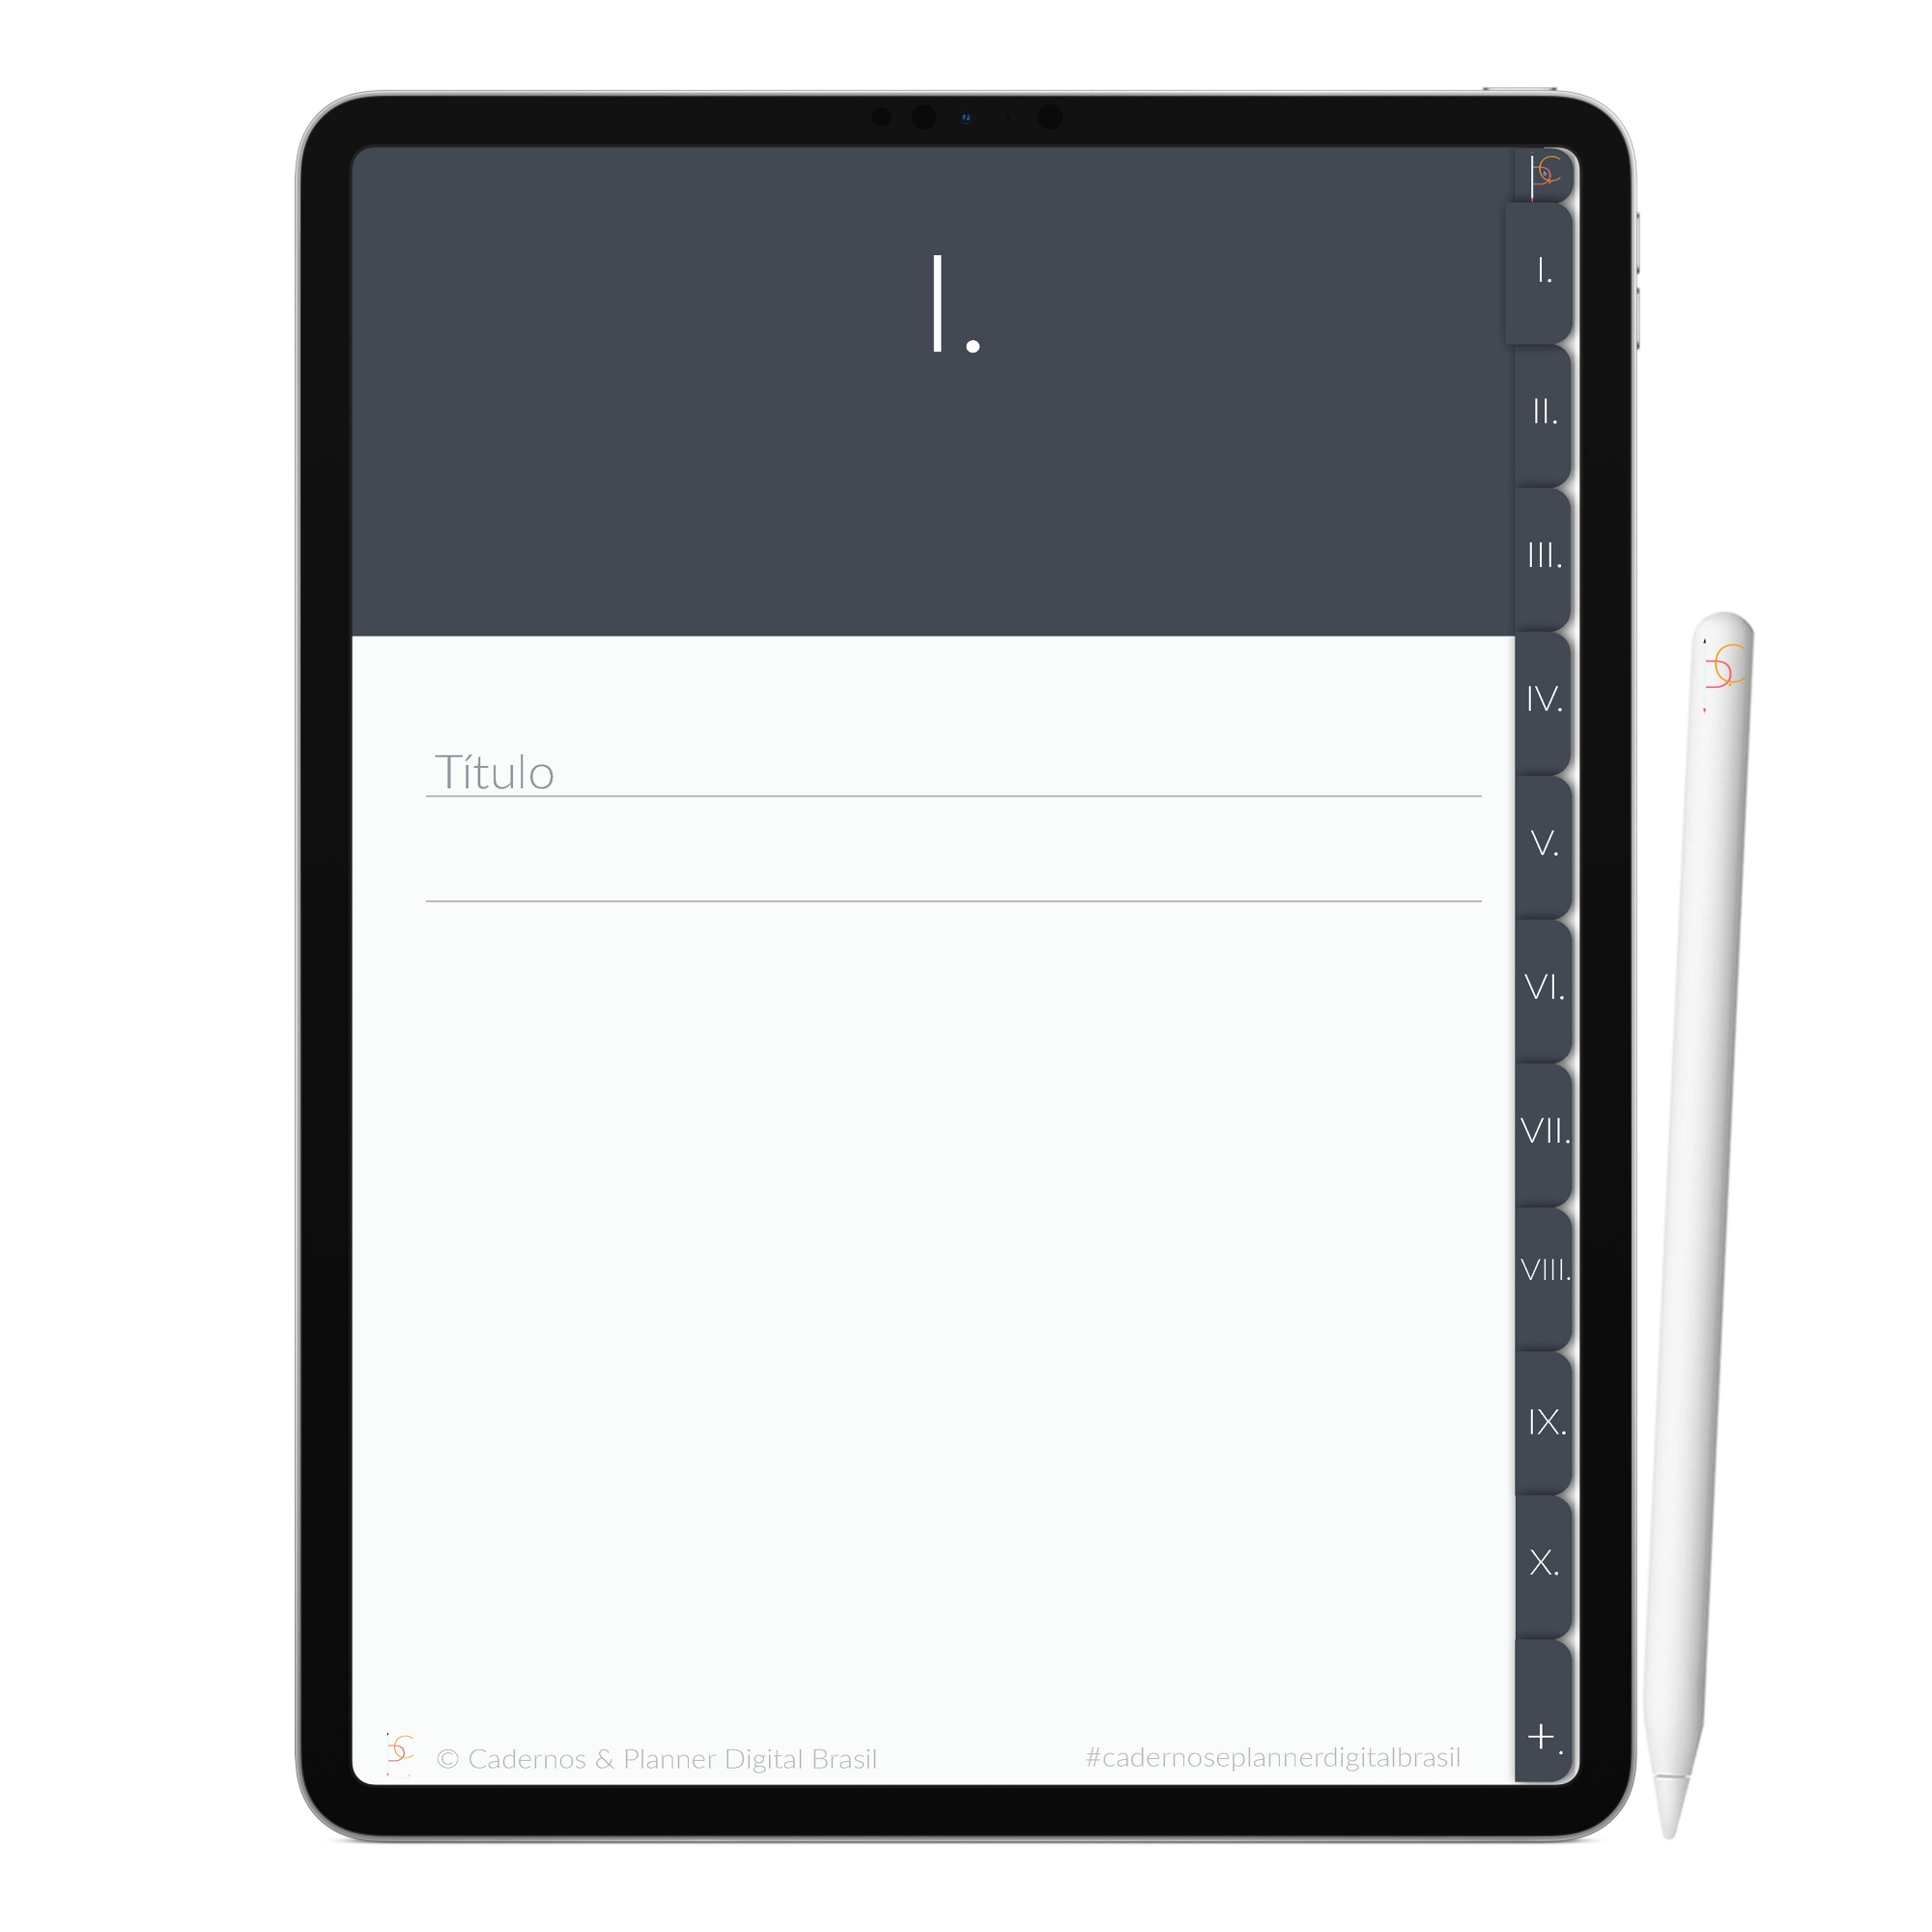 Caderno Digital Minimalista Oceanos Imensidão | Dez Divisórias Interativo| iPad Tablet | Download Instantâneo
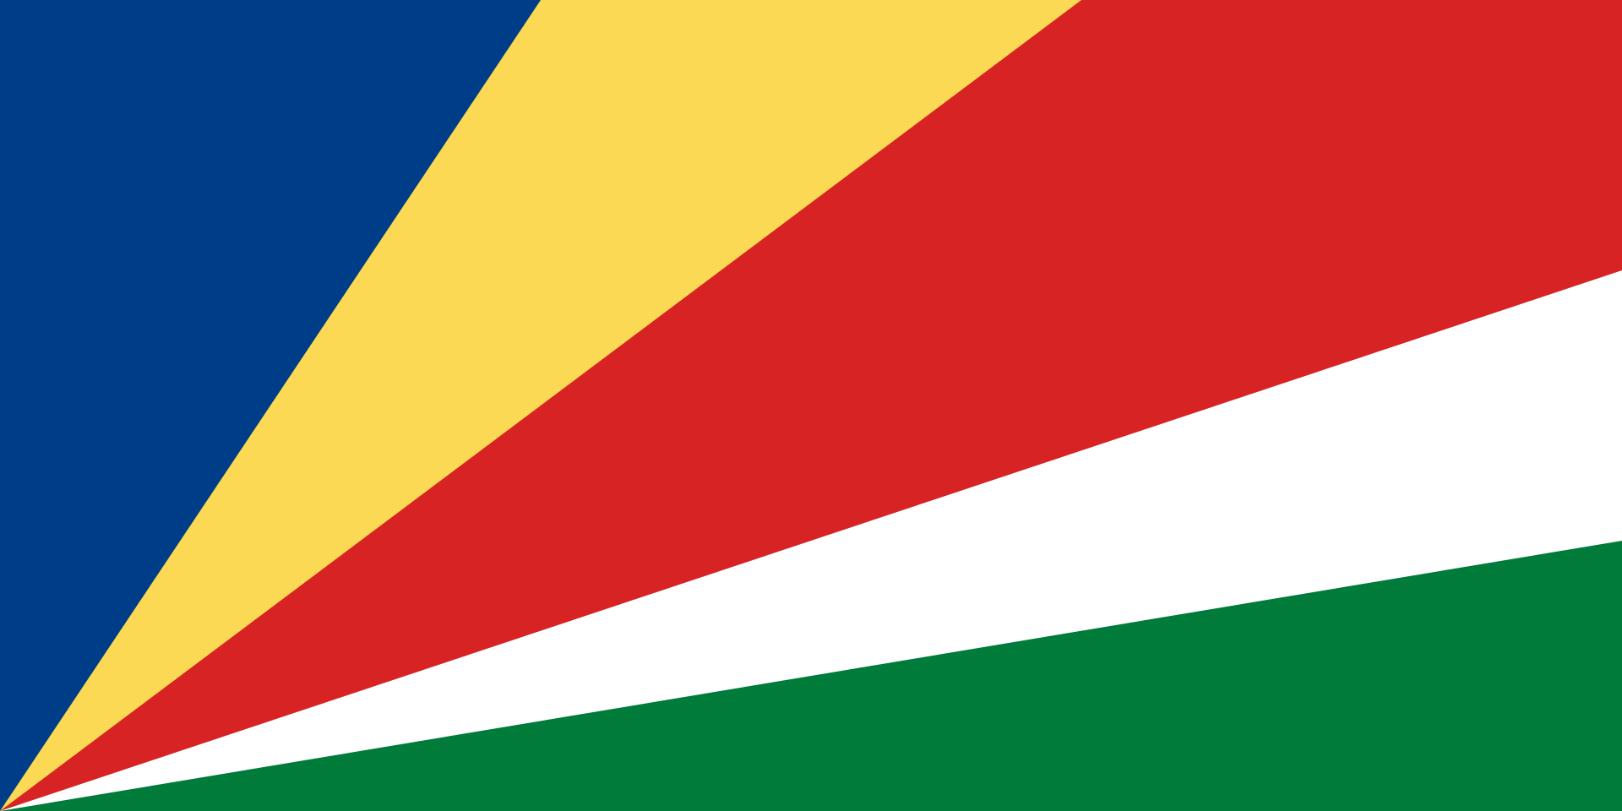 Flagge im Querformat Land Sevchellen 150x100 cm
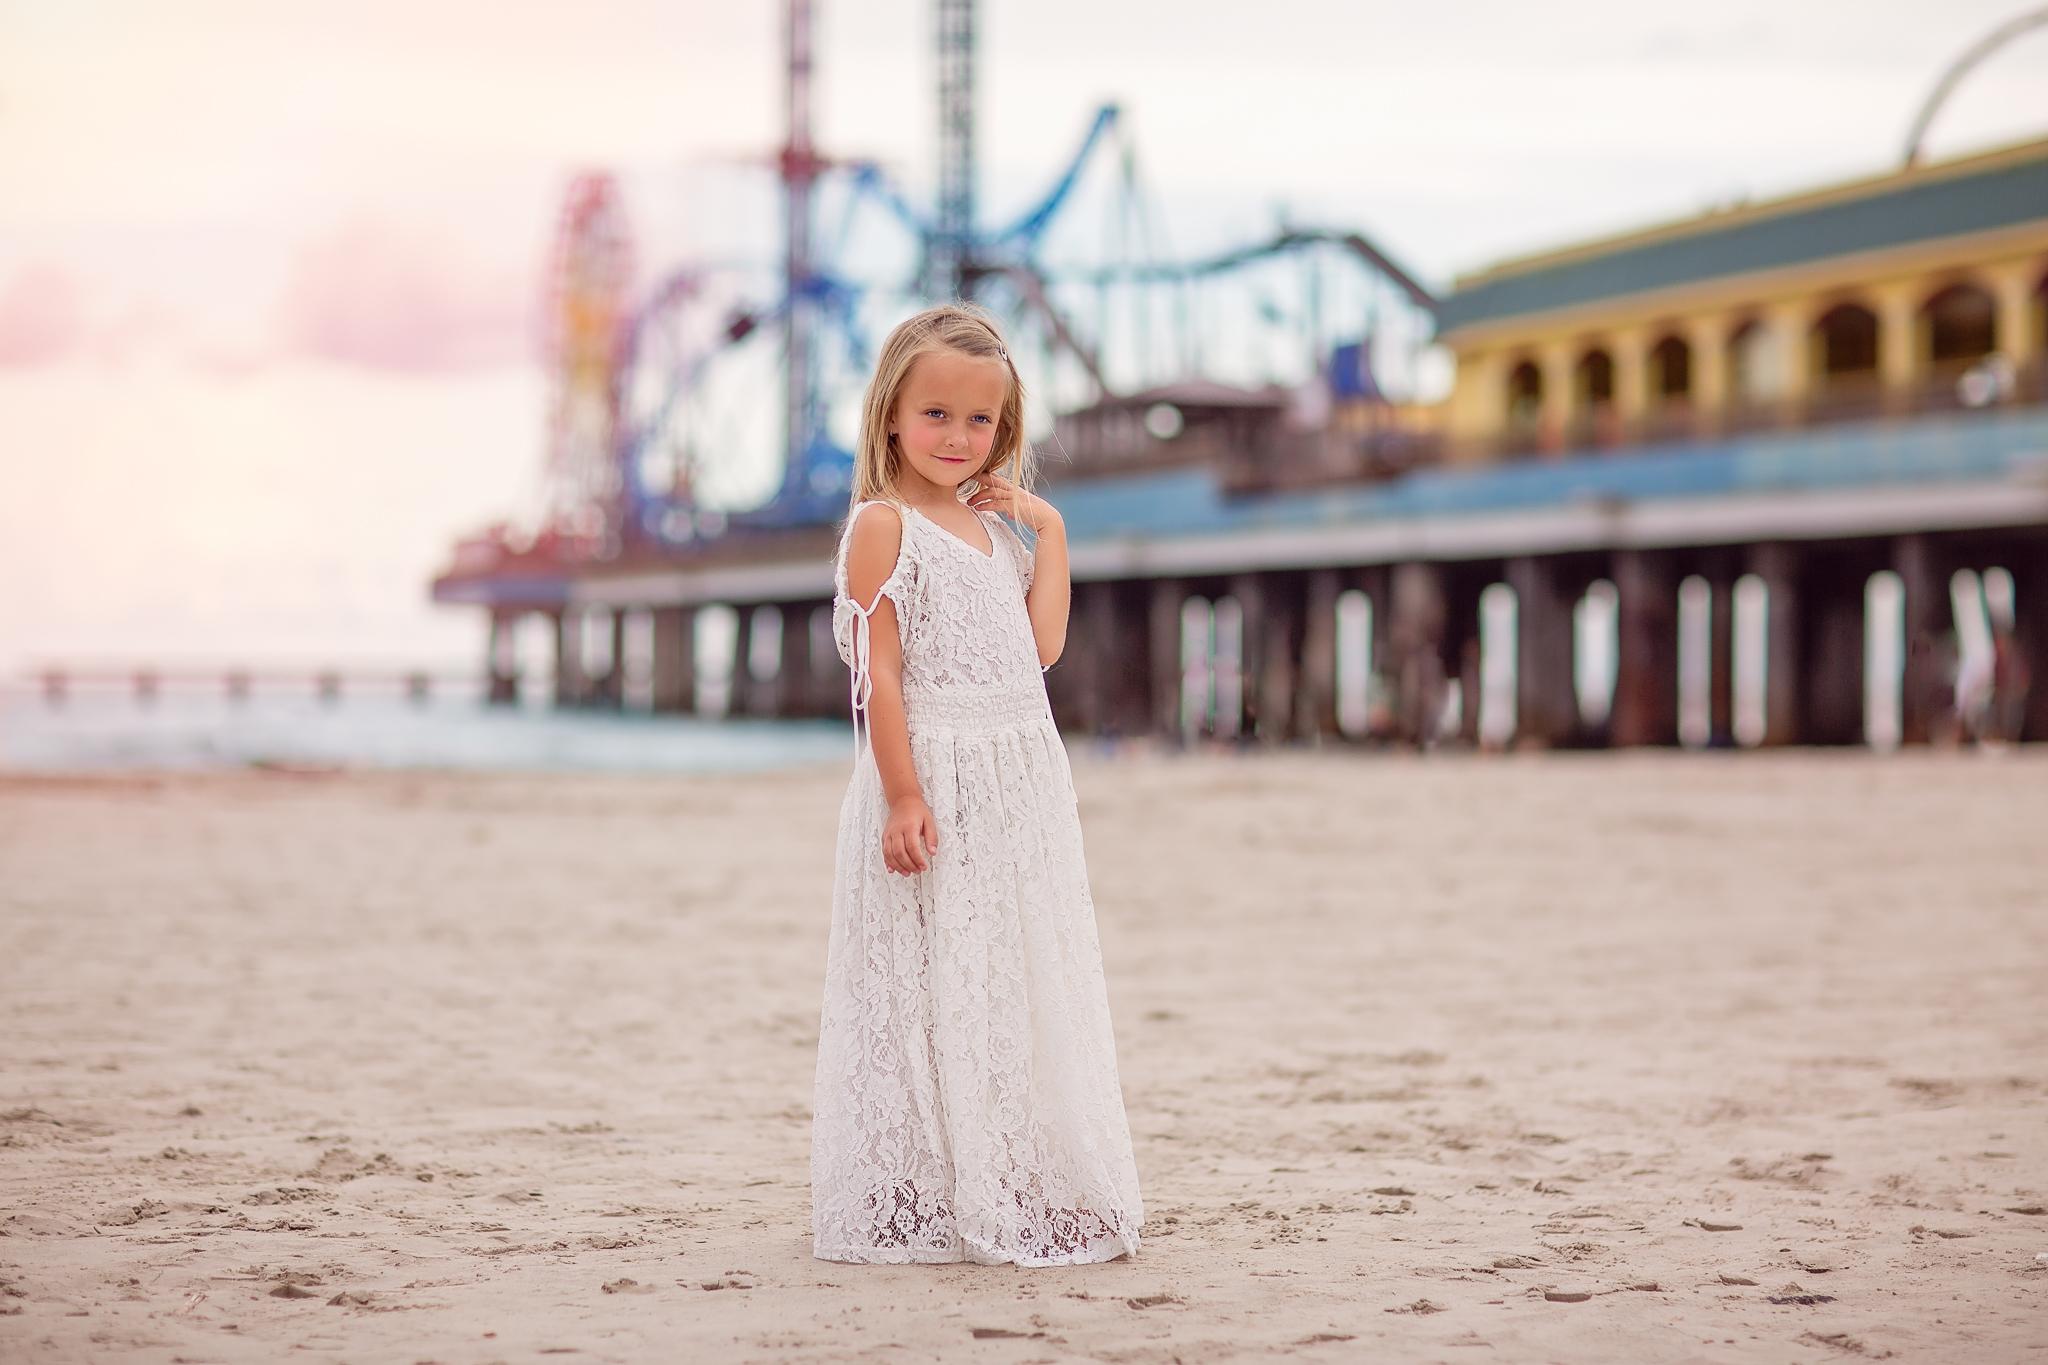 galveston-beach-childrens-portrait-photographer-sugar-land-katy-houston-family-photography.jpg

### YOUR GOAL
Write out all the data exactly, minus pictures.

### SOLUTION TO THIS EXERCISE
 Caderno Digital Minimalista Oceanos Imensidão | Dez Divisórias Interativo| iPad Tablet | Download Instantâneo
 Flagge im Querformat Land Sevchellen 150x100 cm
 galveston-beach-childrens-portrait-photographer-sugar-land-katy-houston-family-photography.jpg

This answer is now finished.